A Harvard Law professor by the name of Charles Nesson states that P2P file sharing is fair use. He bases his claim on current law and has testified in court. The bases of his contention is this:
Wholesale copying of music on P2P networks is fair use. Statutory damages can’t be applied to P2P users. File-swapping results in no provable harm to rightsholders.
These are just some of the assertions that Harvard Law professor Charles Nesson made last week in his defense of accused file-swapper Joel Tenenbaum. In court filings, Nesson spelled out his defense strategy, which doesn’t appear to involve claims that his client “didn’t do it.” Instead, Nesson argues that it doesn’t matter if Tenenbaum copied music; such noncommercial uses are presumptively “fair” and anyone seeking to squeeze file-swappers for statutory damages is entitled to precisely zero dollars.
The strategy certainly doesn’t lack for boldness. In making the case that statutory damages only apply to commercial infringers, Nesson says that his reading of the law is “constitutionally compelled.” His most interesting argument is that the law offers rightsholders the chance to seek either statutory or actual damages, but that the two are meant to be equivalent.
“It would be a bizarre statute indeed that offered two completely unrelated remedies,” he writes, “one which granted actual damages and lost profits, and the other of which granted plaintiffs the right to drive a flock of sheep across federal property on the third day of each month.”

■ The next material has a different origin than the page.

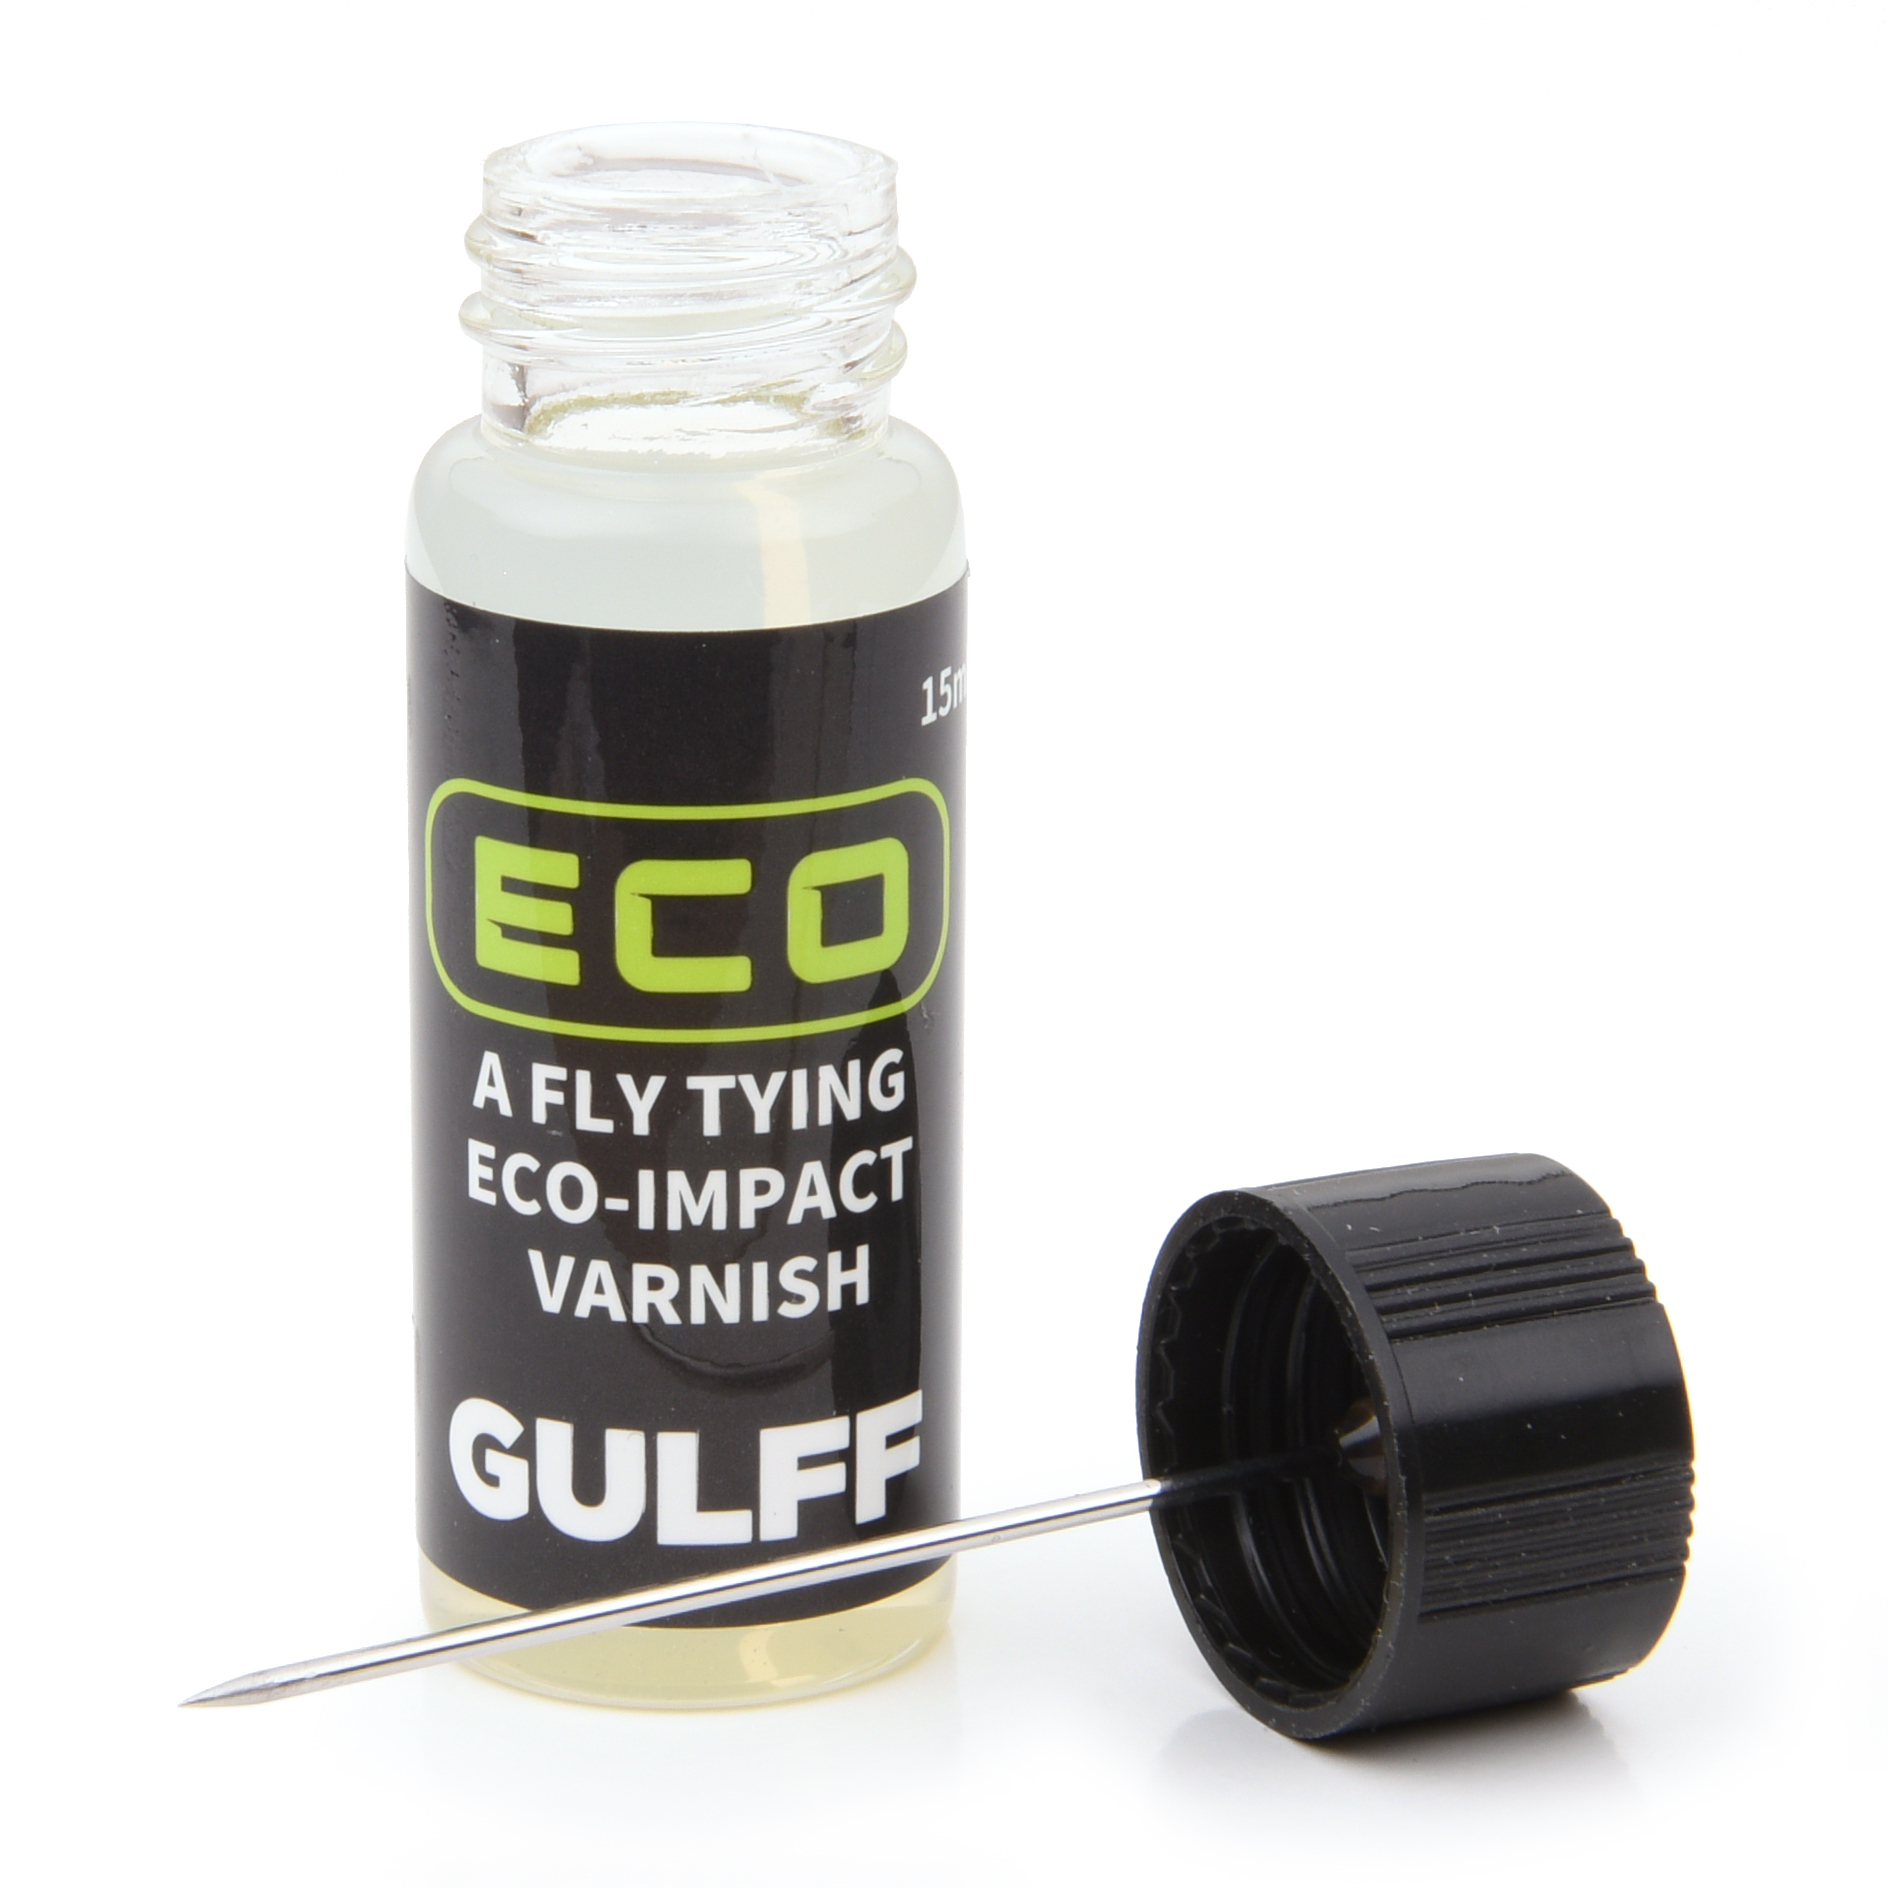 GULFF Eco varnish
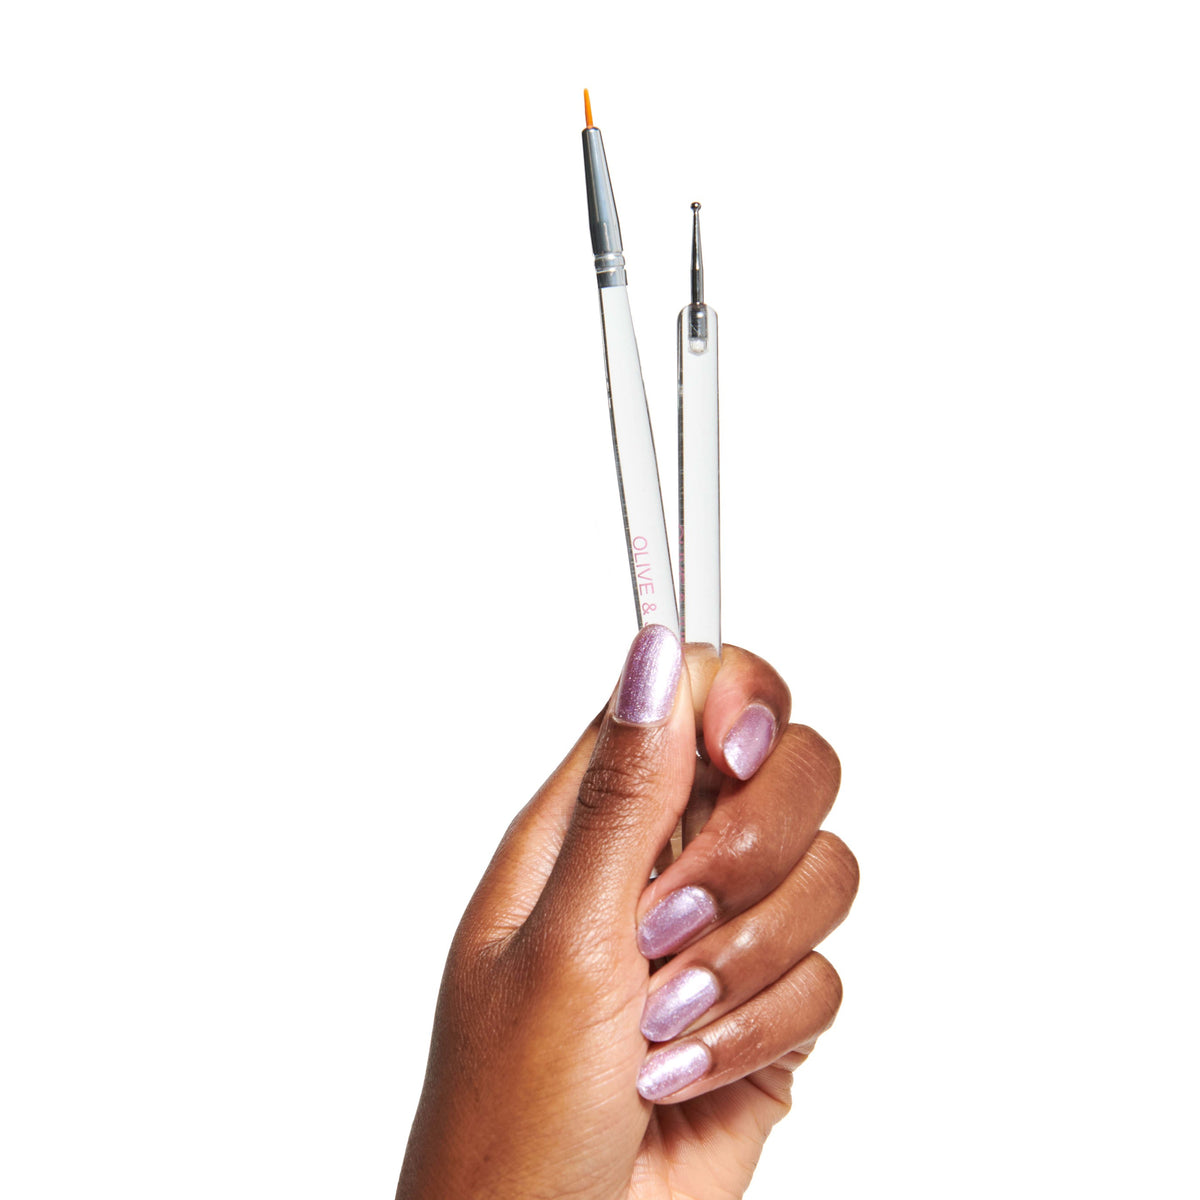 Precision Nail Art Tools - 2 Way Set for Artists

Wow! That is interesting. Even more interesting if the court buys it. There is more:
It’s all fair use
In any event, all of this statutory damages talk doesn’t matter, because Nesson claims that Tenenbaum’s use of the songs at issue here was “fair use” and thus not an infringement at all. It’s a gutsy move to claim that wholesale downloads of complete copyrighted works for no purpose higher than mere enjoyment of music somehow satisfies the famous “four factor test” for fair use claims, but Nesson believes he can win over a jury.
So what are the ‘four factor test?’
The four factors judges consider are:
- the purpose and character of your use
- the nature of the copyrighted work
- the amount and substantiality of the portion taken, and
- the effect of the use upon the potential market.
So what do you think? Can this legal legalese work?